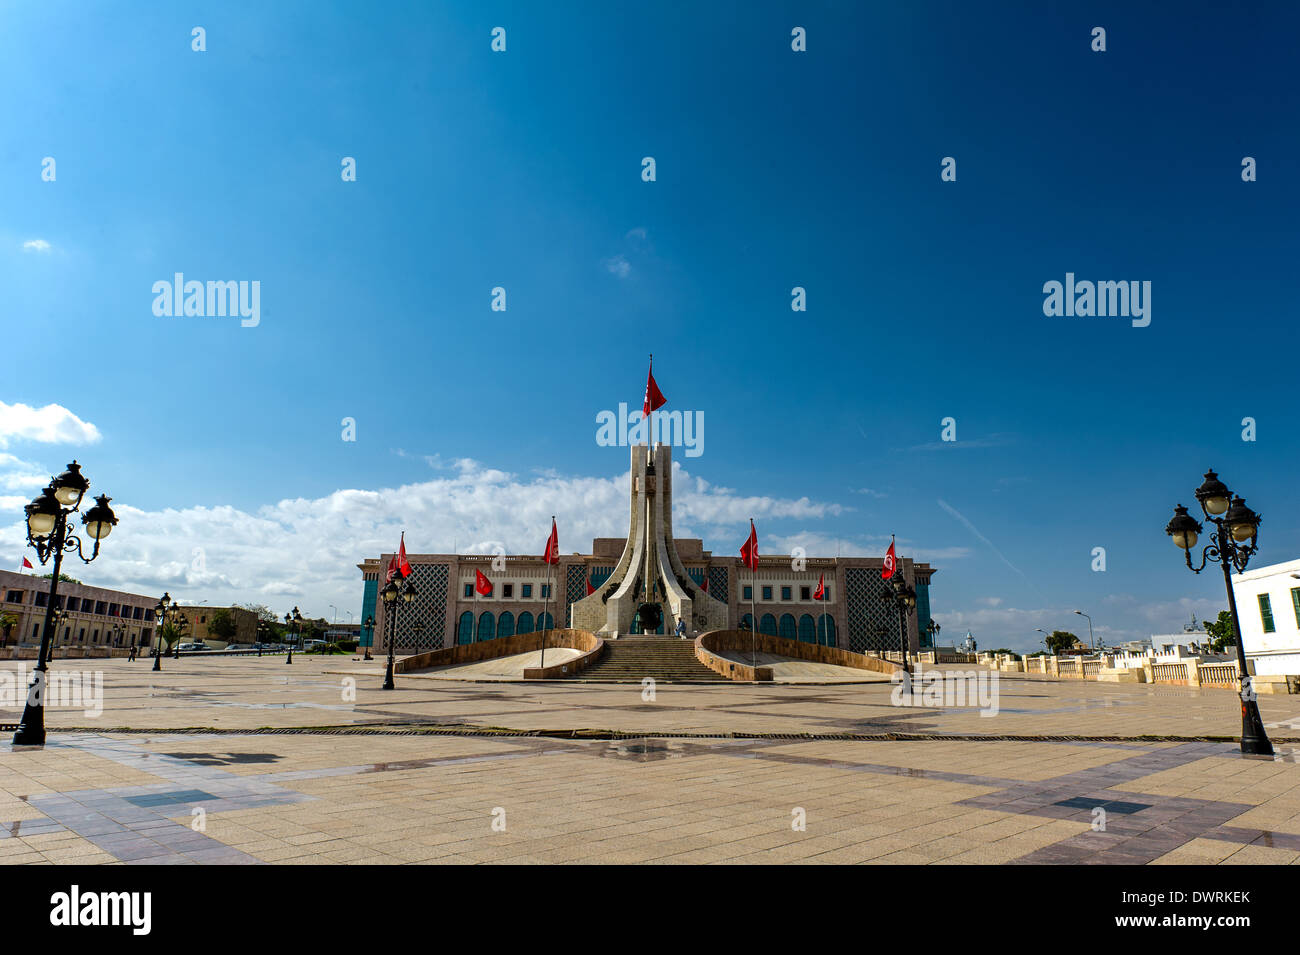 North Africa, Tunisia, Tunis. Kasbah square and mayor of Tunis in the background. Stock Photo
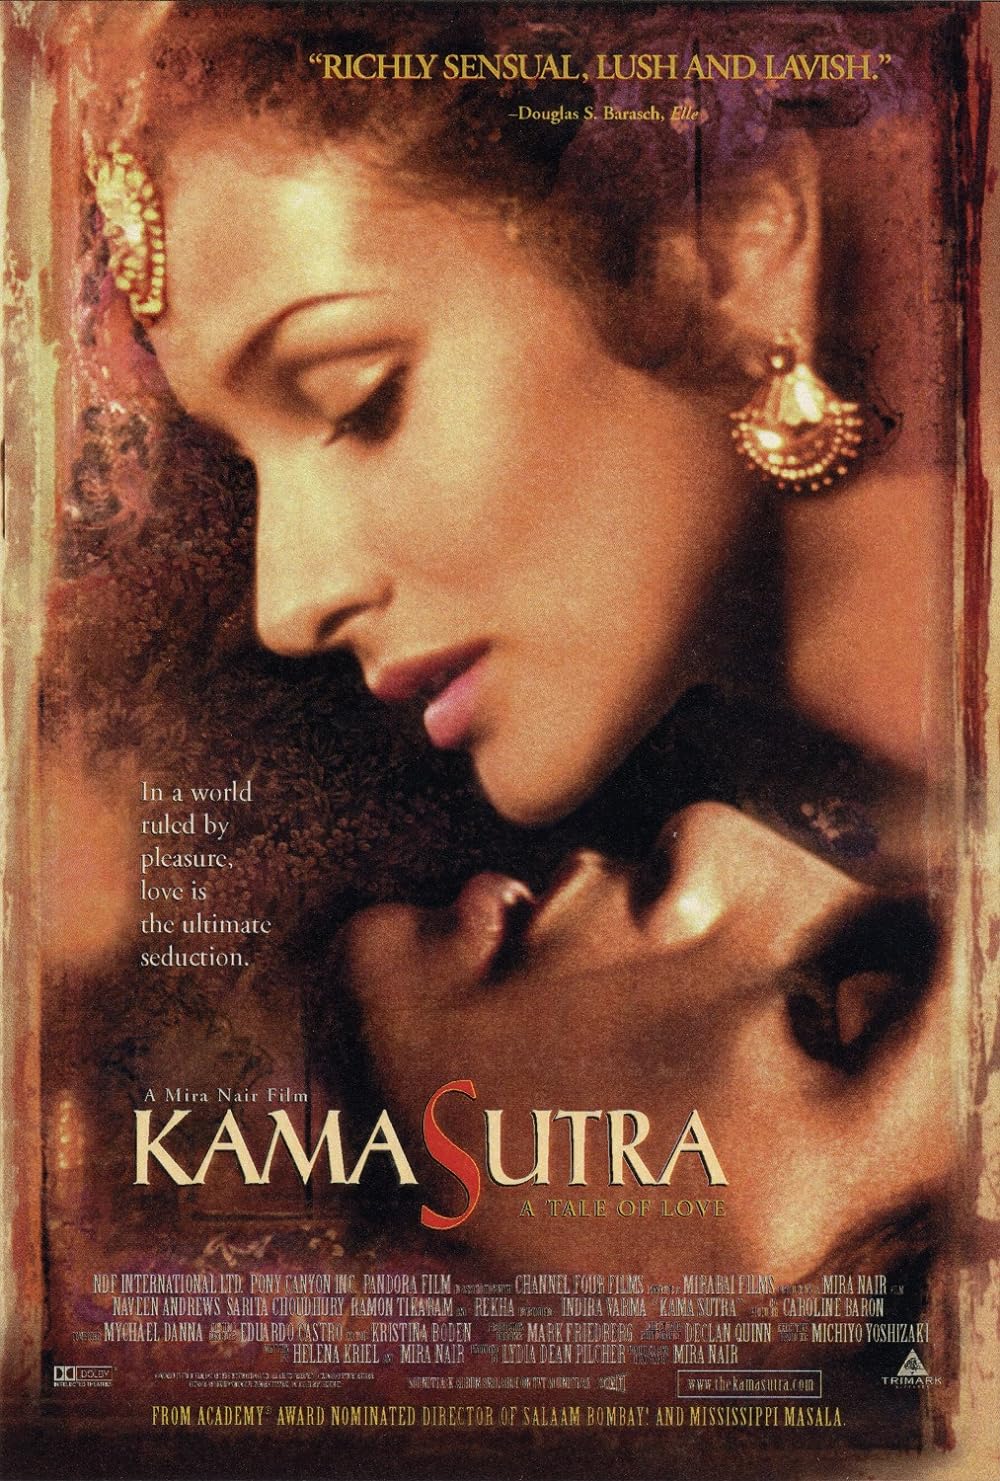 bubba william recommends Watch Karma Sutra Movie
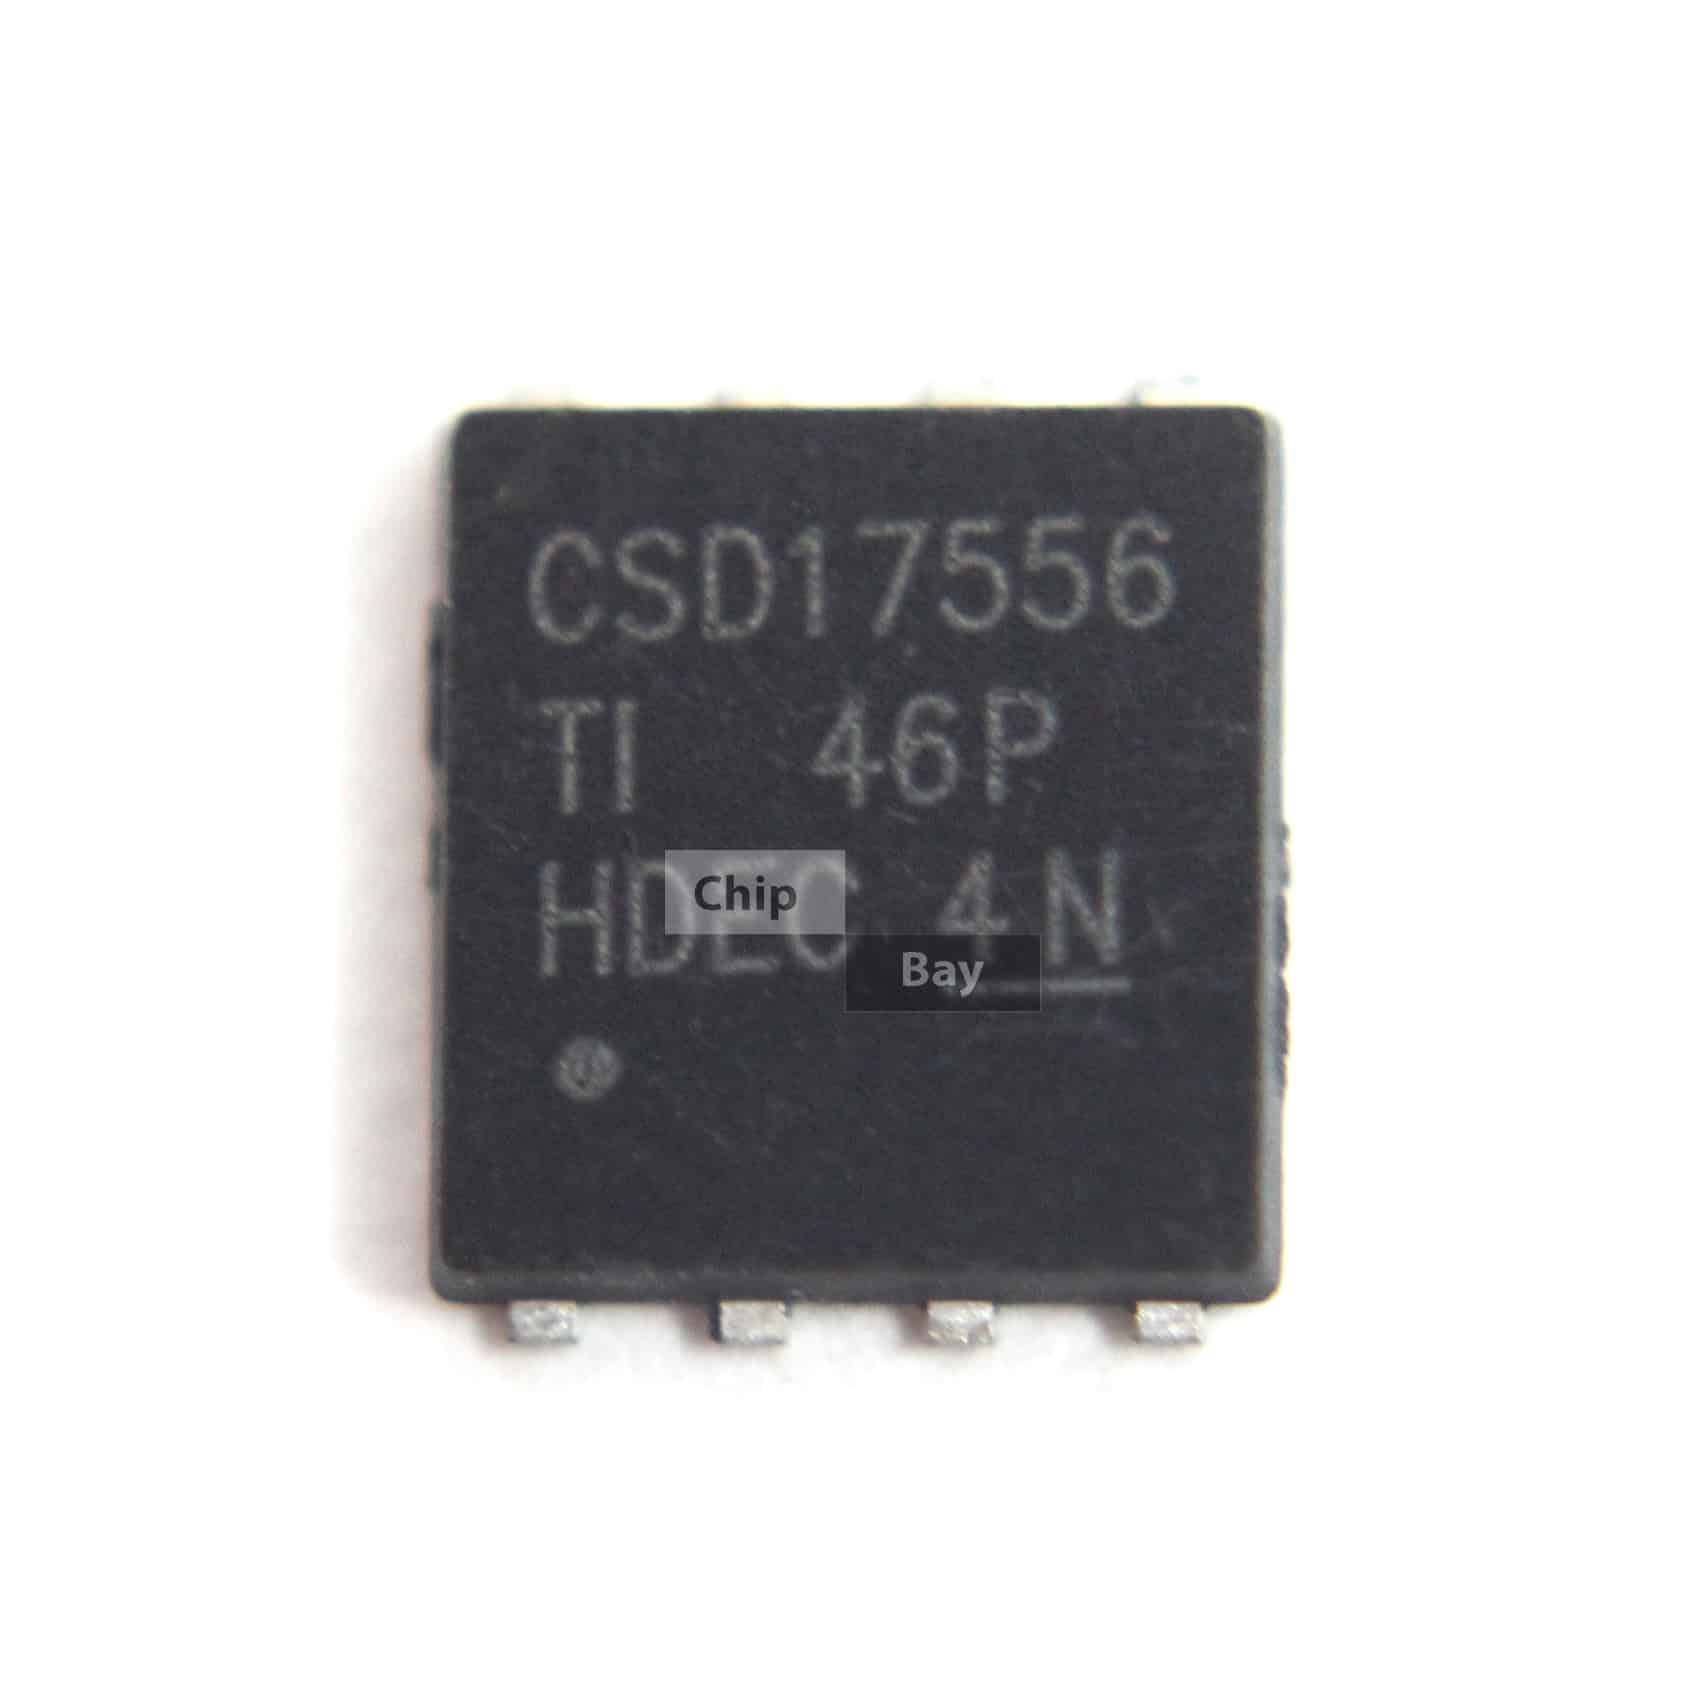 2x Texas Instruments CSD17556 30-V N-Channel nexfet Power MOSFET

=== HOW TO COMPLETE THIS TASK ===
An exact copy of all the data above is required; omit any pictures.

=== SOLUTION TO THIS PROBLEM ===
 North Africa, Tunisia, Tunis. Kasbah square and mayor of Tunis in the background. Stock Photo
 bubba william recommends Watch Karma Sutra Movie
 2x Texas Instruments CSD17556 30-V N-Channel nexfet Power MOSFET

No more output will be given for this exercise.